Tesla remains the leader in the U.S. electric vehicle market for now, with a 48.5% share with 143,535 units delivered in Q2 2025. However, Tesla’s share continues to drop dramatically. Since the Q2 numbers were reported, Tesla’s market share dropped to a new near eight-year low in August, according to data from research firm Cox Automotive shared exclusively with Reuters, accounting for 38% of August US EV sales.

Ford and Hyundai Battle for Third Place

While Tesla dominates, competition in the next tier is intensifying. Ford and Hyundai are in a close race for third place, with market shares of 5.5% and 5.3% respectively. Ford delivered just over 16,000 EVs during the quarter, while Hyundai followed closely with more than 15,000. Both automakers continue to grow their electric portfolios, targeting the mid-market with a mix of affordability, performance, and range.

Other players such as BMW, Rivian, and Audi trail behind, each maintaining smaller volumes but contributing to a more diverse and competitive EV landscape. As the market expands, 2025 is shaping up to be a defining year for legacy and emerging automakers alike.

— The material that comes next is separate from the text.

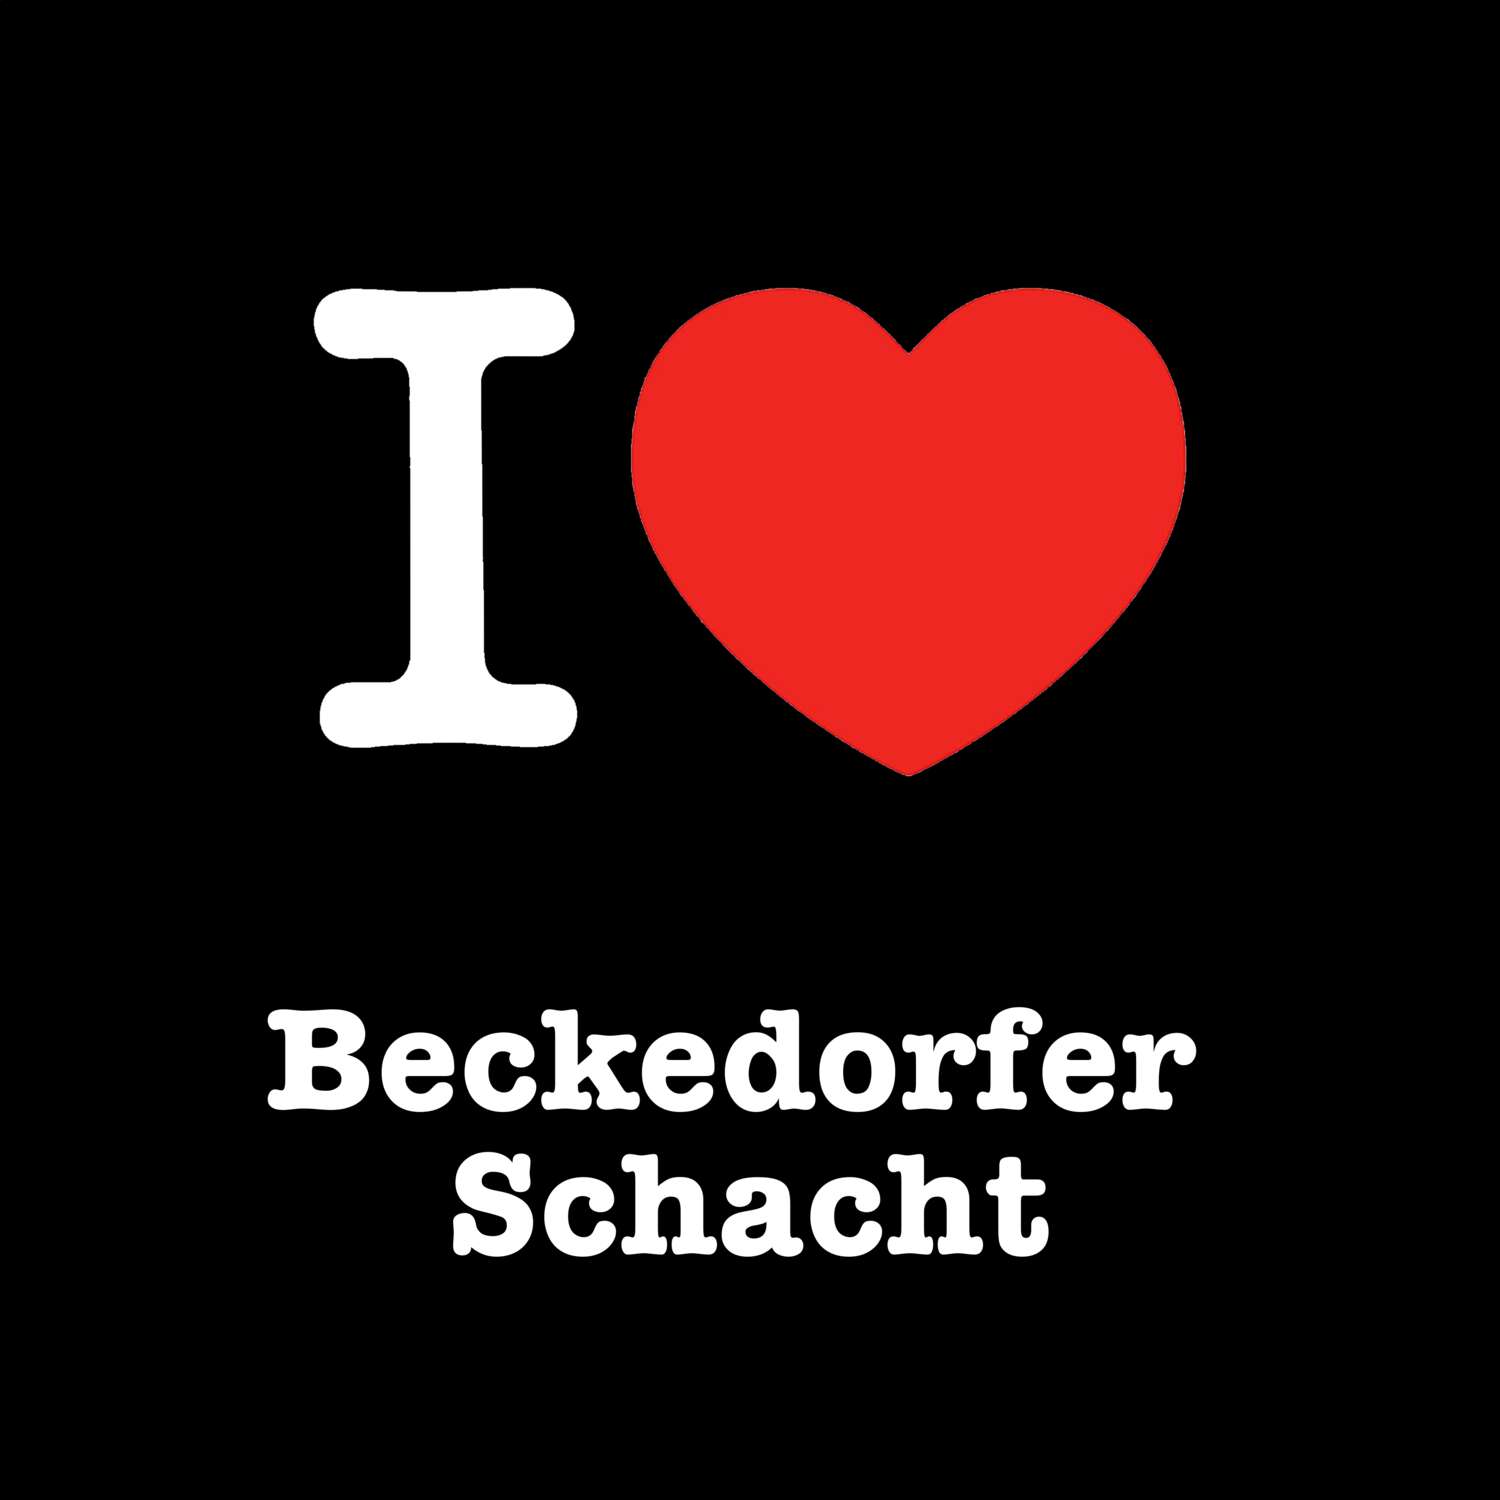 Beckedorfer Schacht T-Shirt »I love«

(Image: Visual Capitalist)

EVinfo.net’s Take: GM Will be the New Leader

Once the undisputed leader of the U.S. electric vehicle market, Tesla has gradually lost ground over the past five years as its CEO has made horrible mistakes, competition has intensified, and the market has expanded. In 2021, Tesla held more than 70% of all U.S. EV sales, but by 2022 that figure had fallen to around 65%. In early 2023, Tesla’s share dropped to roughly 57%, and by the second quarter of 2025 it had stabilized near 48.5%. By August 2025, Tesla’s market share slipped further to about 38%, marking its lowest level since 2017.

As of now, EVinfo.net predicts GM will be the new number one EV seller in America. The gap between Tesla’s 38% and GM’s 15.2% continues to get smaller, as GM may overtake Tesla soon. Although Hyundai is making great moves and significant progress, the current “America first” plan by the federal government favors domestic companies, although tariffs are hurting the whole automotive sector significantly, along with damaging the greater economy as a whole and threatening a recession.

Re-Establish the EV Tax Credit, Stop the Tariffs

GM was forced to absorb a $1.6 billion loss as car manufacturers were forced to pivot from their in-progress electric vehicle plans, after legislation signed on July 4 abruptly discontinued an important federal EV tax credit that had been in place since 2008. Lawmakers eliminated the credit on incredibly short notice, a very bad decision that hurt America’s economy and helped China further dominate the global automotive industry.

The government made a rare good decision by unfreezing NEVI EV charging funds, now EVinfo.net recommends it goes a step further by stopping the tariffs and re-establishing the federal EV tax credit. Doing this would go a long way towards helping our automotive OEMs compete with China, as the transportation future of the globe is no doubt fully electric.